Human rights groups kicked up a hell of a stink over the decision to host a Formula 1 Grand Prix in Baku in the oil rich state of Azerbaijan last year. The government of Ilham Aliyev has a desperate record on human rights and an unfortunate predilection for locking up journalists and bloggers.

Bernie informed the world that Formula 1's conscience - "a hard entity to ruffle" - was 100% clear after hosting the race there. Bernie was assuredly talking about his own conscience here. Since 1977, he has only had to look into his own soul to know what was best for Formula 1.

In any event, most of these human rights abuses have occurred in dictatorships, a system of government that Bernie has long thought far superior to our own system of democracy.


If you have a look at a democracy it hasn't done a lot of good for many countries - including this one. I like people who make up their minds.

In late 2015, he told a quite outstandingly sycophantic interviewer from RT that democracy has no place in Formula 1 or anywhere else.



On the other hand, he did out himself as an opponent of the 2003 Iraq War. But the mainstream anti-war movement were understandably hesitant to embrace his rationale.

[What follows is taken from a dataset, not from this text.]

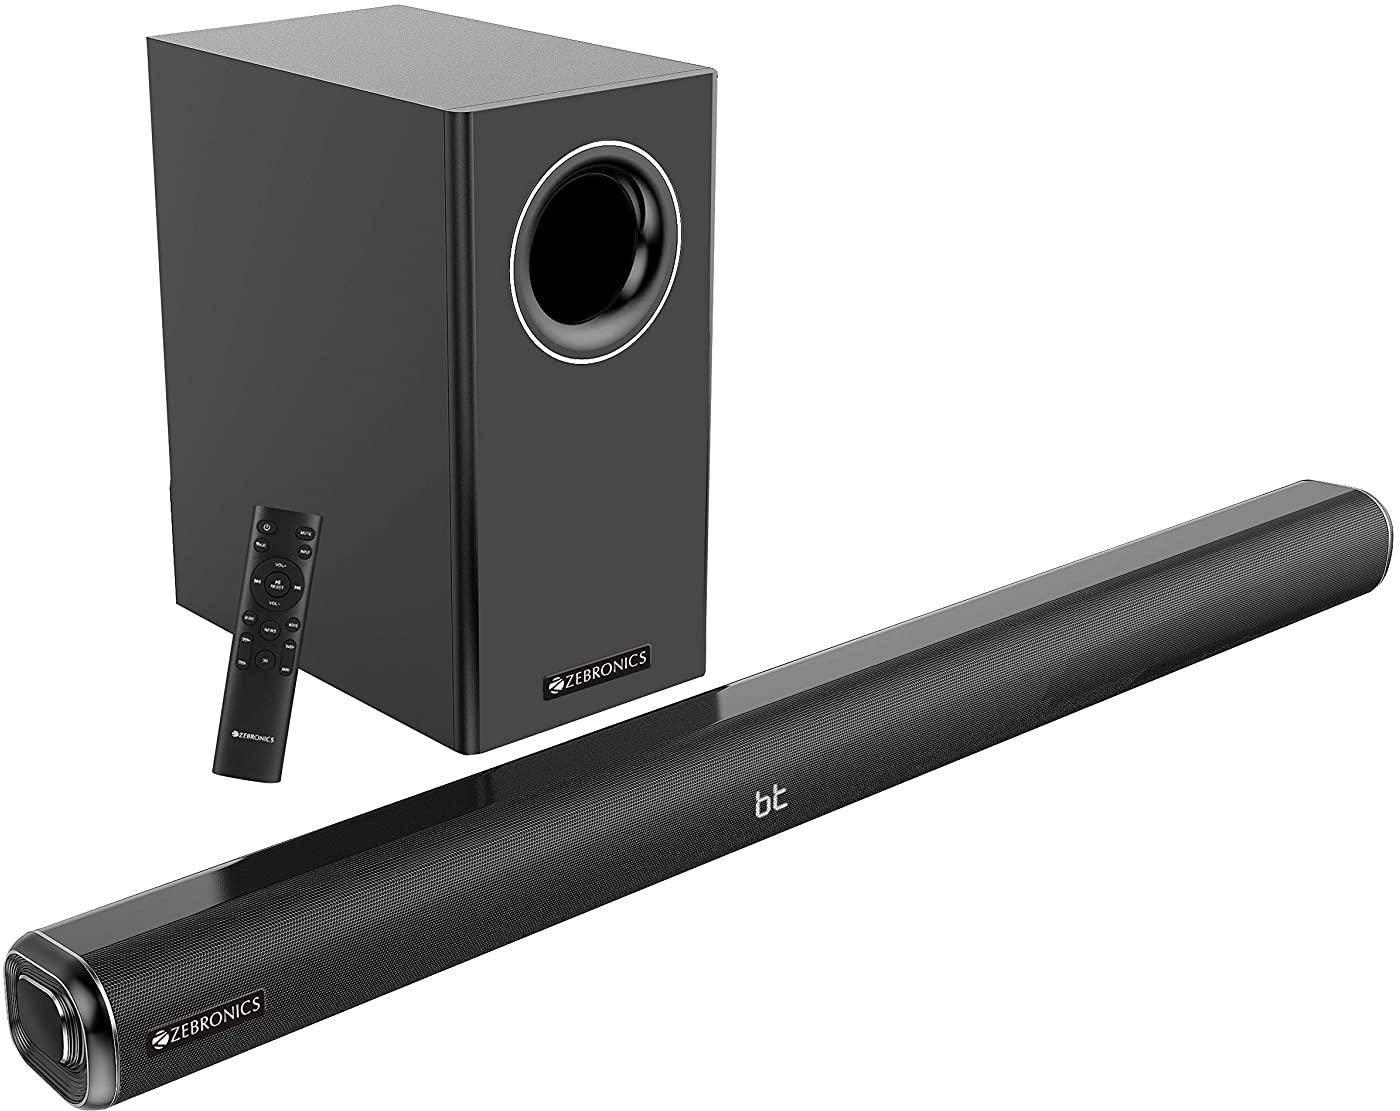 Zebronics Zeb-JUKEBAR 6000DWS PRO, 160W Multimedia soundbar with Wireless subwoofer zoom image

We did a terrible thing when we supported the idea of getting rid of Saddam Hussein, he was the only one who could control that country. It was the same (with the Taliban). We move into countries and we have no idea of the culture. The Americans probably thought Bosnia was a town in Miami. There are people starving in Africa and we sit back and do nothing, but we get involved in things we should leave alone.

So, while the political centre of gravity tilted sharply in Bernie's direction in 2016, his stewardship of Formula 1 grew increasingly unpopular.

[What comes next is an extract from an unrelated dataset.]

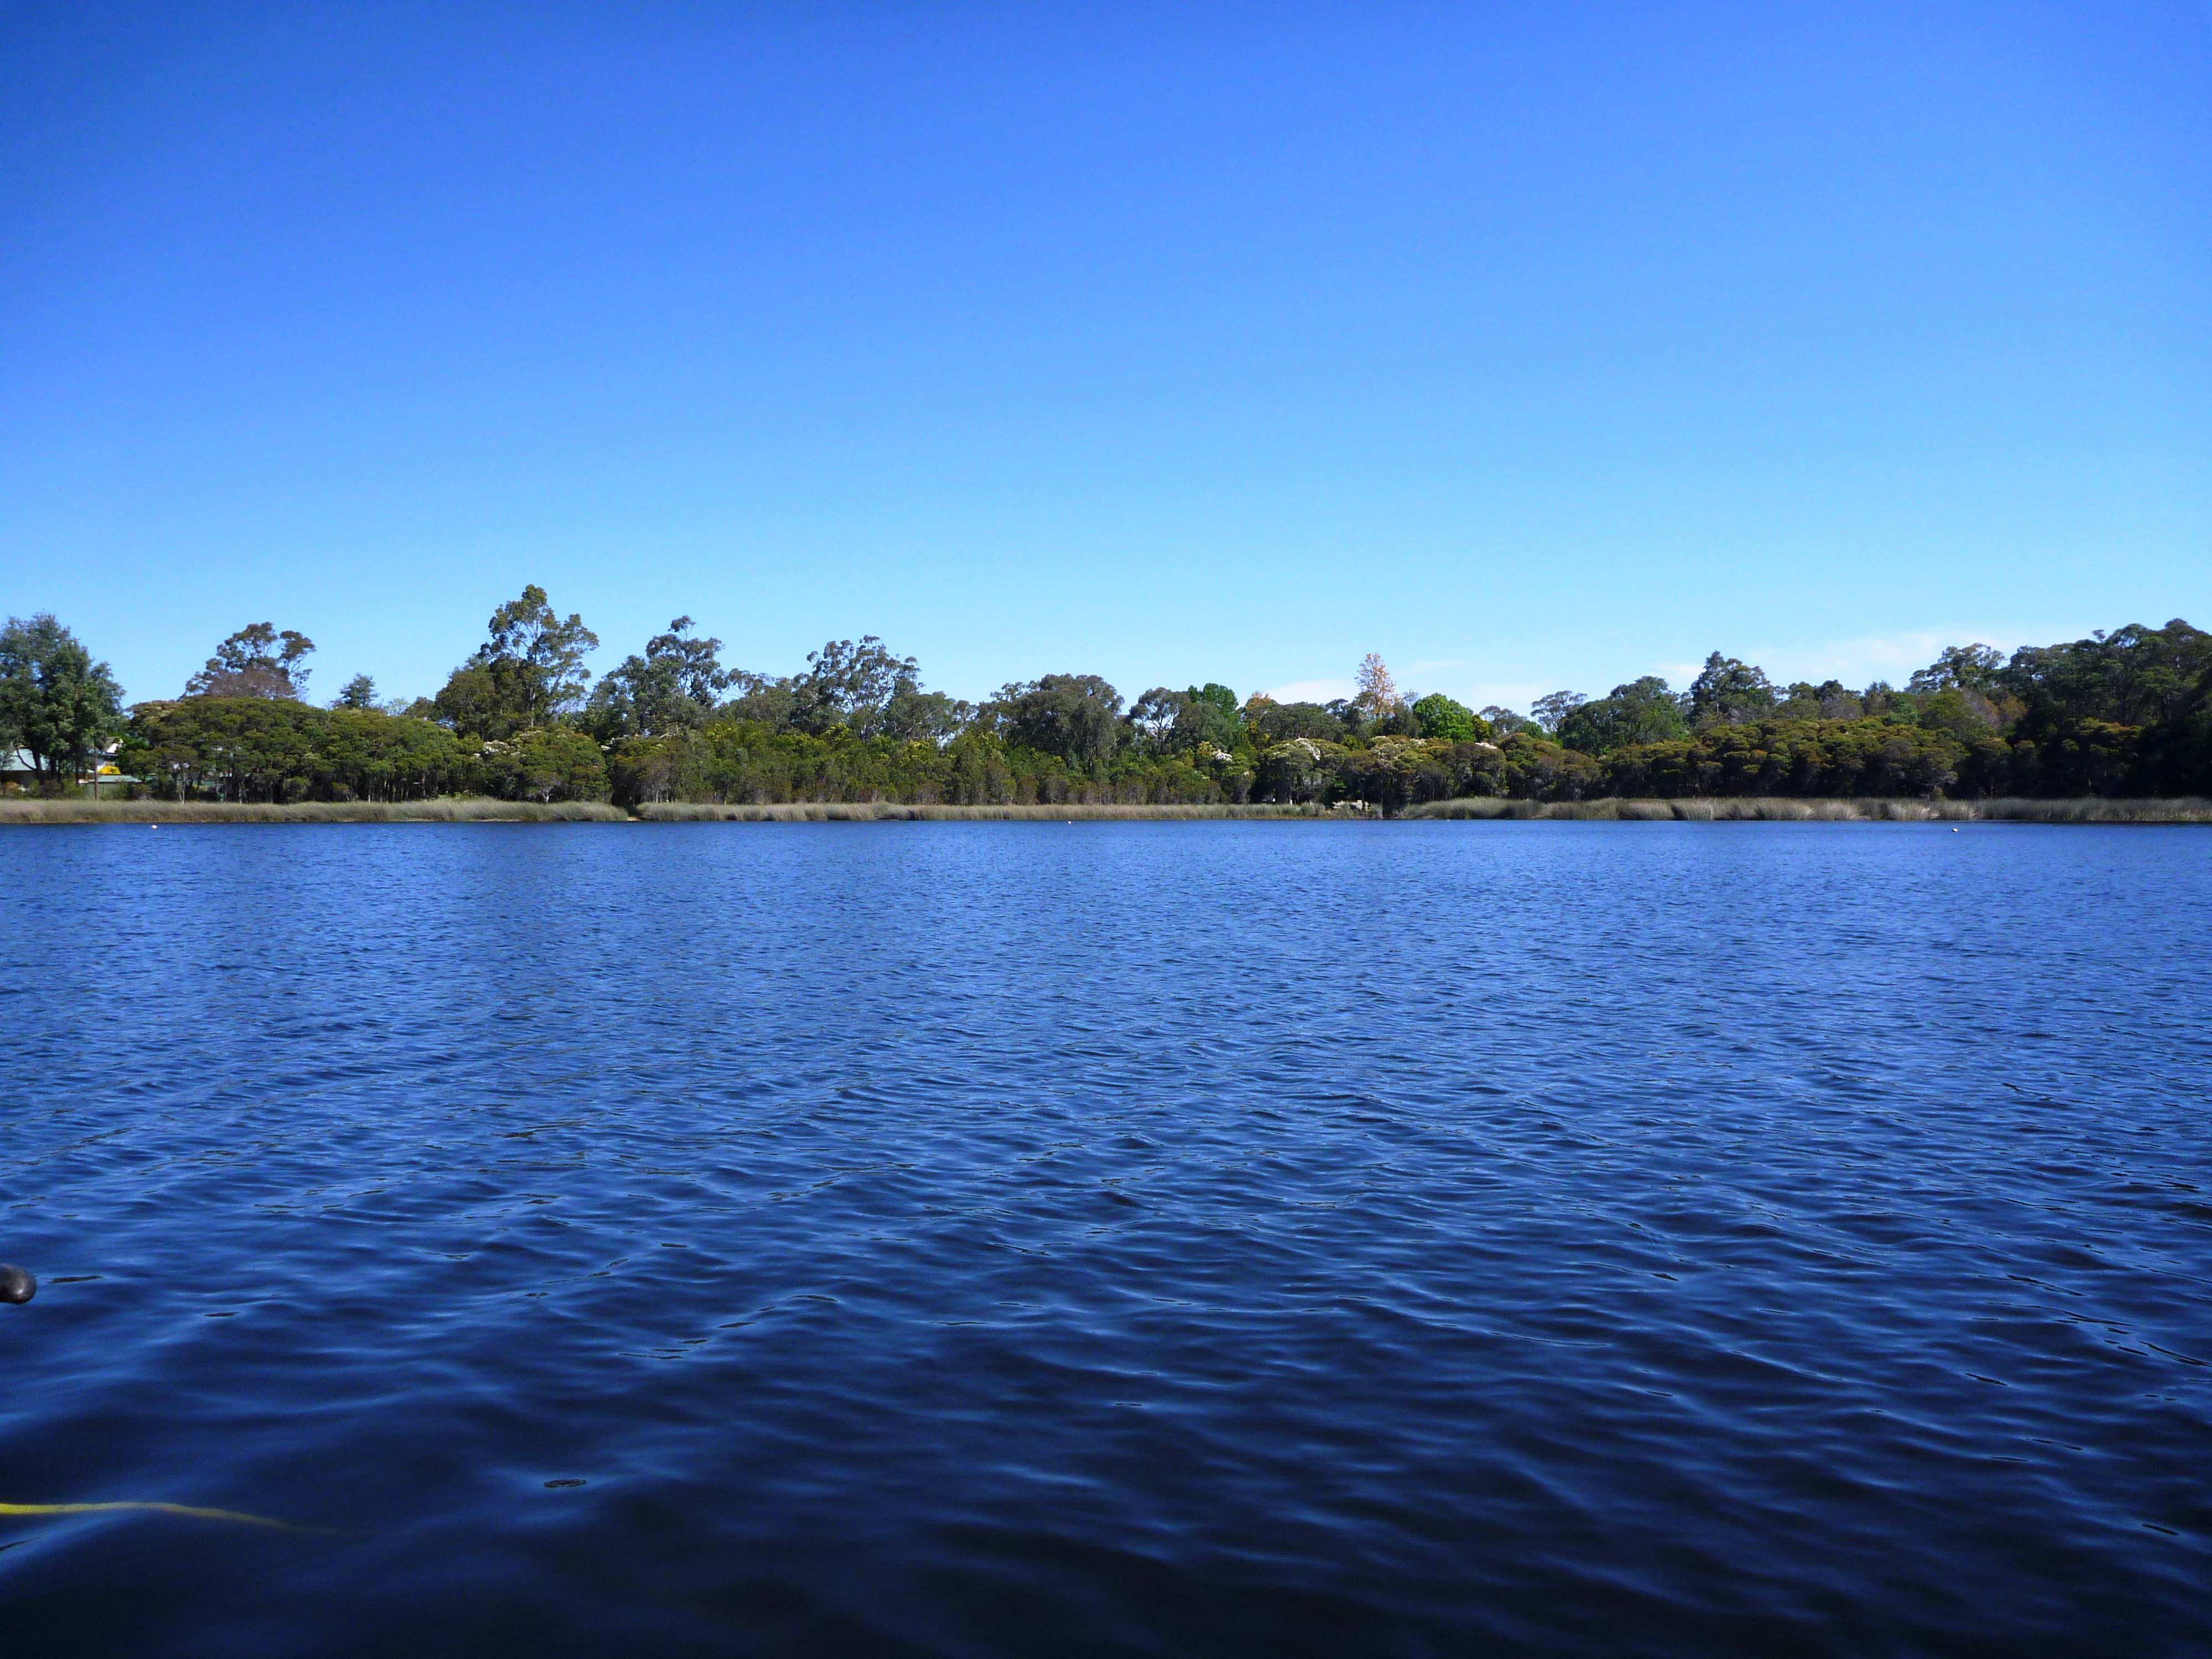 AFTER_Glenbrook_Lagoon

In March 2016, the Formula 1 drivers, through their union 'The Grand Prix Drivers' Association' (there's a high-end trade union) attacked the sport's administrators for "jeopardising" its future success.

It is fundamental that the sport's leaders make smart and well-considered adjustments.

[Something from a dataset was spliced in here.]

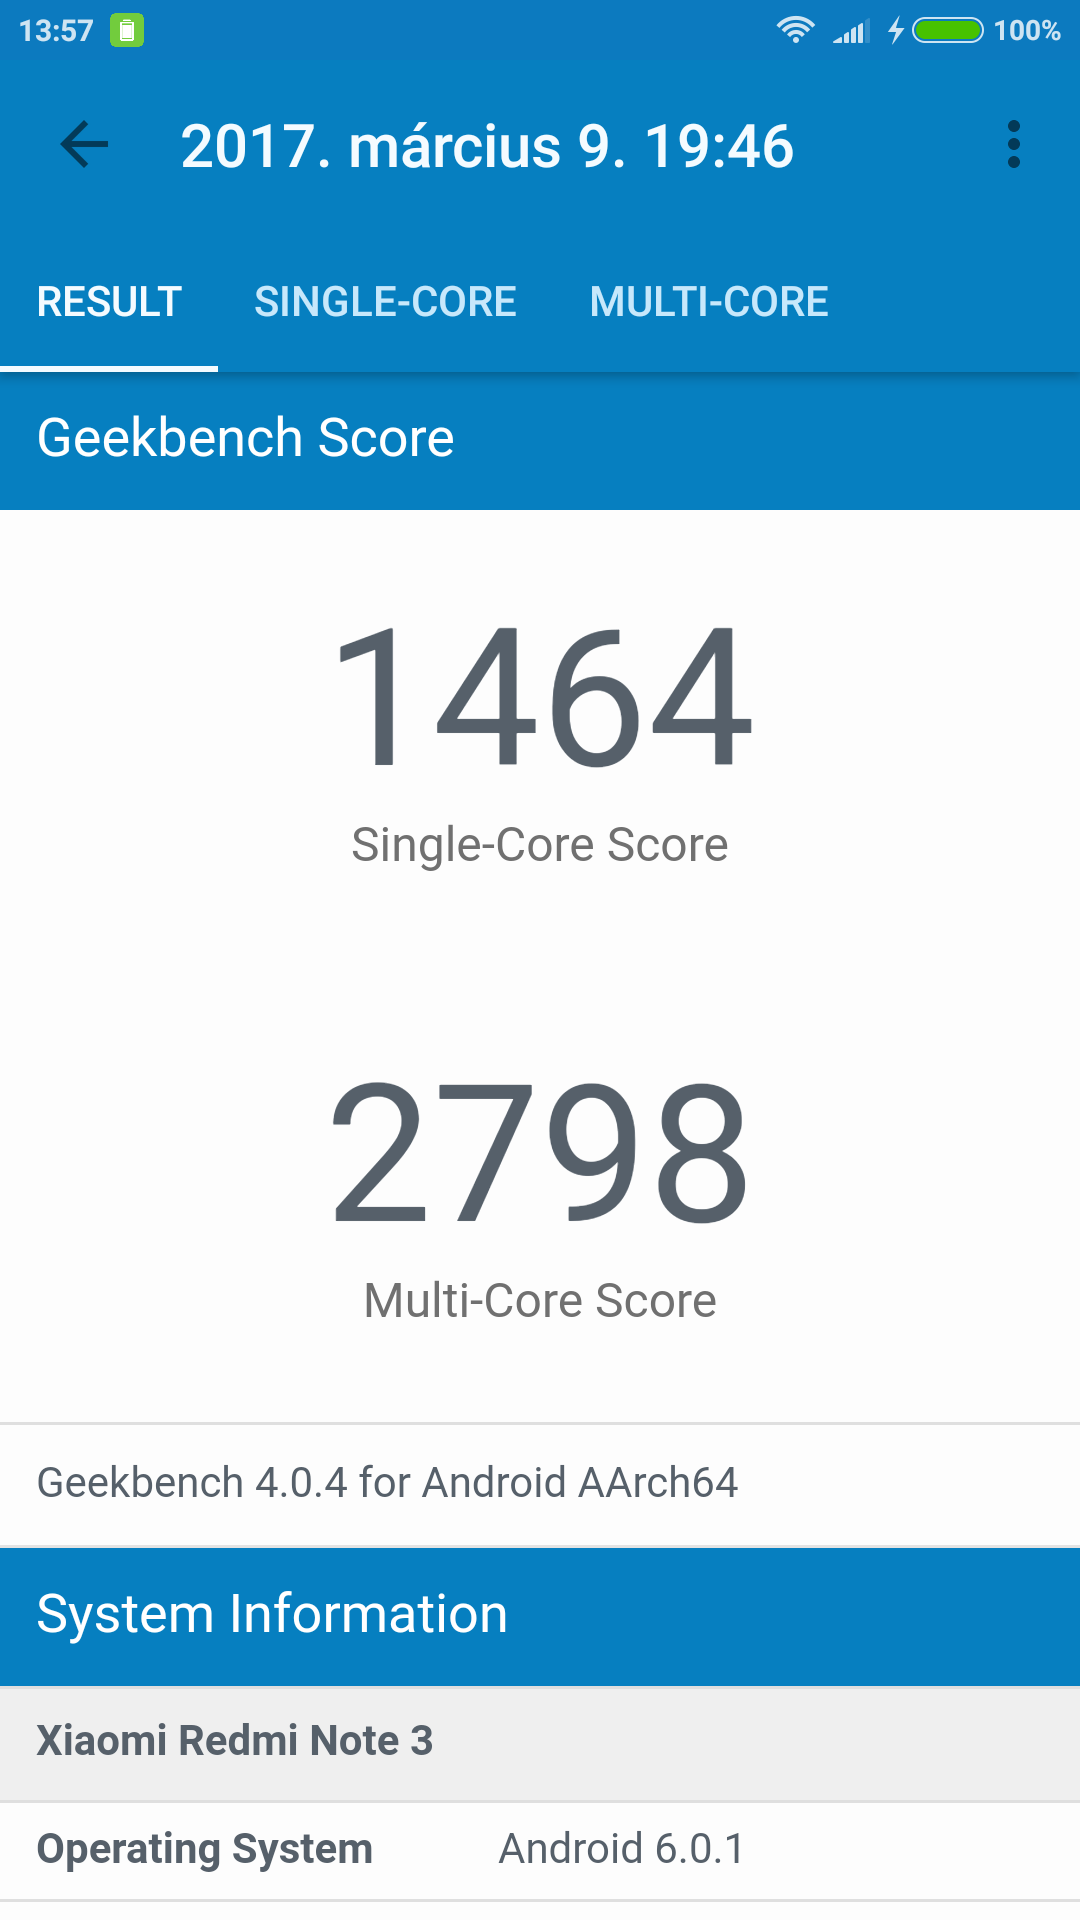 screenshot_2017-03-10-13-57-28-079_com_primatelabs_geekbench.png

We feel that some recent rule changes - on both the sporting and technical side, and including some business decisions - are disruptive, do not address the bigger issues our sport is facing and in some cases could jeopardise its future success.

The drivers have come to the conclusion that the decision-making process in the sport is obsolete and ill-structured and prevents progress being made. Indeed, it can sometimes lead to just the opposite, a gridlock. This reflects negatively on our sport, prevents it being fit for the next generation of fans and compromises further global growth.

For Bernie, the beginning of the end may have arrived when he lost a high profile battle with a revolving door at the High Court in London in late 2013.

After two unsuccessful attempts to gain entry to via said revolving door, he gestured to one of his aides to let him in via the nearby glass door. He was thus forced to listen to a chorus of yelping hacks hollering "Oi Bernie!!" for about 45 seconds longer than he needed to.


It has been reported that Liberty Media are about to takeover the sport after their shareholders voted in favour of the move. The media group currently own 19% of Formula 1.

Liberty Media, which owns TV3 and Virgin Media, are run by Irish-American businessman John Malone.

They bring to the table bold plans to revive a moribund brand. A senior executive told Matthew Garrahan of the Financial Times that they plan to make every Grand Prix "the equivalent of the Super Bowl."

Rather than being mere weekend events, the envision Formula One becoming week long events.

They also intend to bring Grand Prix to big US markets, with New York, Miami and Los Angeles being examined. Whether this will entail extending the season or whether it means the end of the Hungarian Grand Prix is another question.

The incoming management are deeply critical about the quality of marketing undertaken by their predecessors.

There’s no marketing, no research, no data, no digital platforms … This sport has unique global content and hasn’t done enough to take advantage of that. We need to build the rivalries and enable people to understand the technology that goes into the sport.

The sponsorship money brought in by Formula One teams has declined dramatically in the past few years. The combined total raised by teams is down from 950 million in 2011 to 750 million this year.